In Maine, Kantar continues to follow the data, even if that means moving at a slower pace than some would like. Like Cartensen, he wants more time and more data before drawing a definitive conclusion about cause and effect.

“What is the role of winter tick over time? The answer: We don’t know. We have had winter tick going back until at least the 1930s. The biggest question: When you have a bad winter tick year, how frequent are those years?” he said.

He said the data are just too new to extrapolate long-term trends.

“Everyone wants to know, ‘How many animals?’ And if you can’t answer the question, you aren’t doing your job. But the amount of resources required to estimate a population of animal in a state this big is immense,” he said, adding that risky, expensive helicopter flights and lots of personnel would be needed.

Dennis Beaulier is the owner of Gate Way Variety in Ashland, on the edge of the thick North Woods of Maine.
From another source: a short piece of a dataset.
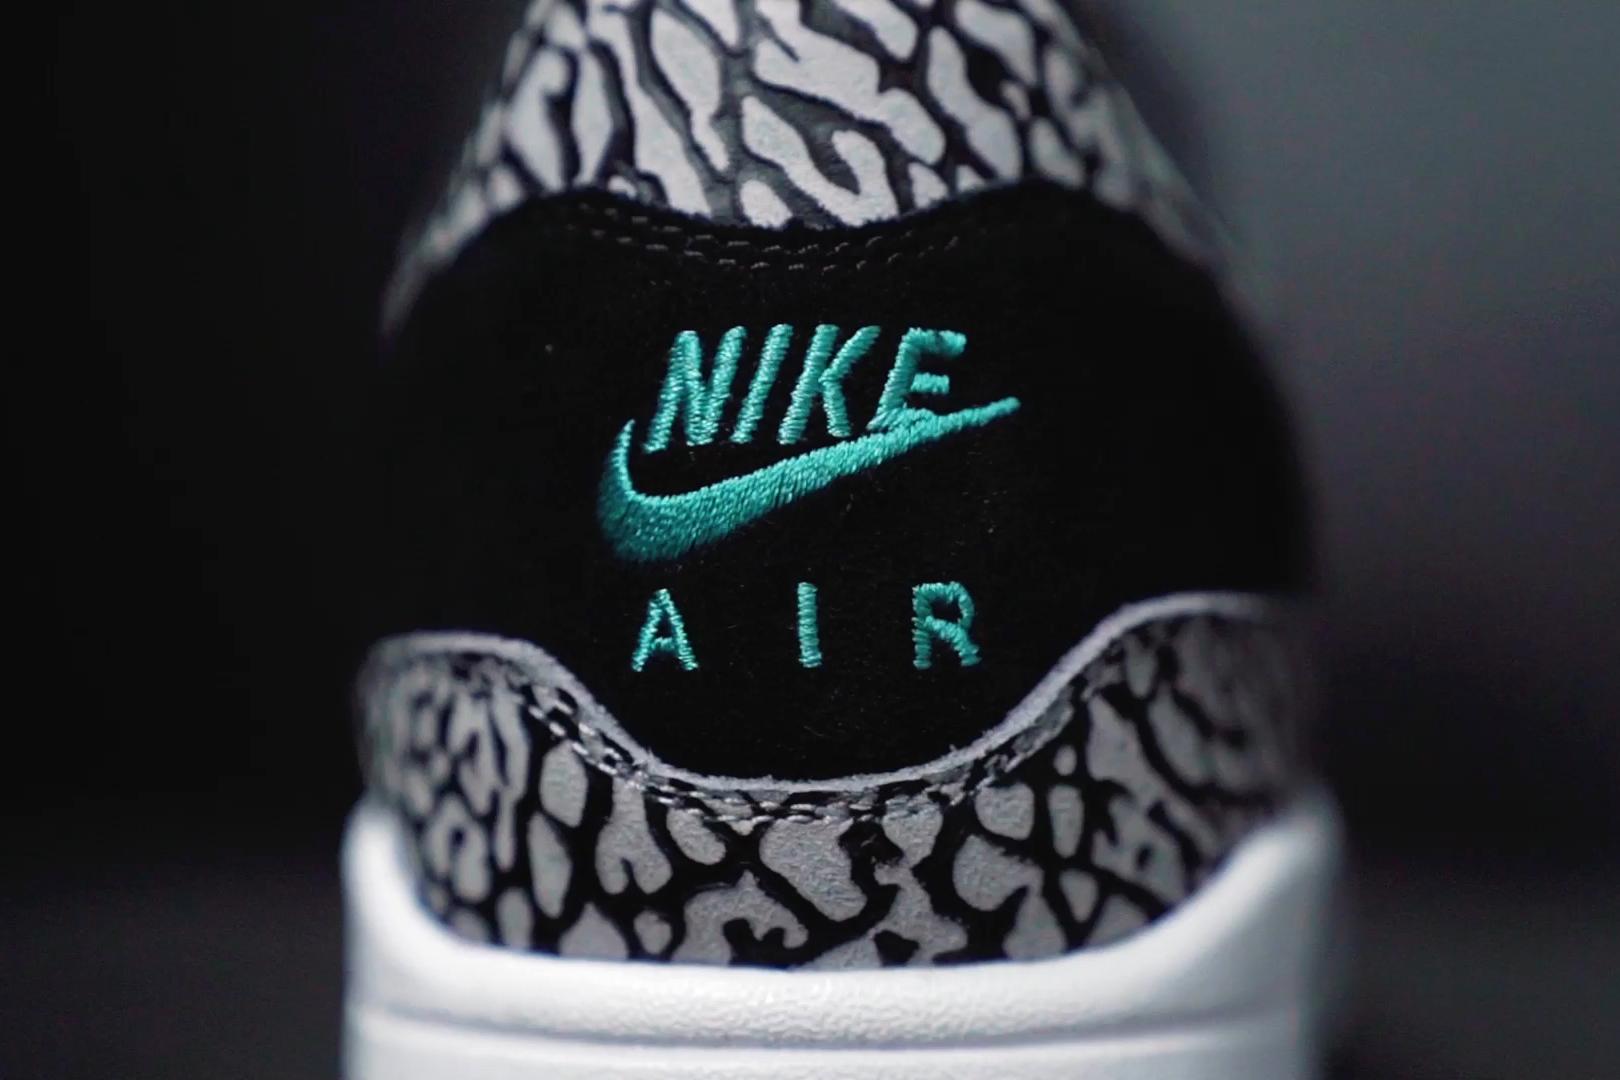 Atmos x Nike Air Max 1 'Elephant Print'

The Gate Way is a tagging station, and he said that while moose numbers have been down the past few years, the moose population “seems to go in cycles.” He can remember years in his youth when it seemed moose numbers were not as high either. “Their numbers will come back.” 

Meanwhile, Picard will continue to spend his time photographing and documenting these docile creatures — if he can find any. “They aren’t dumb. People call them swamp donkeys, but they are a wicked smart animal for what they are … They are pretty adaptable and survive in almost any conditions.”

But as winter turned to spring in Maine and road signs warned motorists of moose, he said he hadn’t seen one in months. And a friend of his who grooms snowmobile trails hadn’t seen one all winter.

“Maybe these things just go in cycles,” Picard said. “I’m hoping one day the moose will come back.”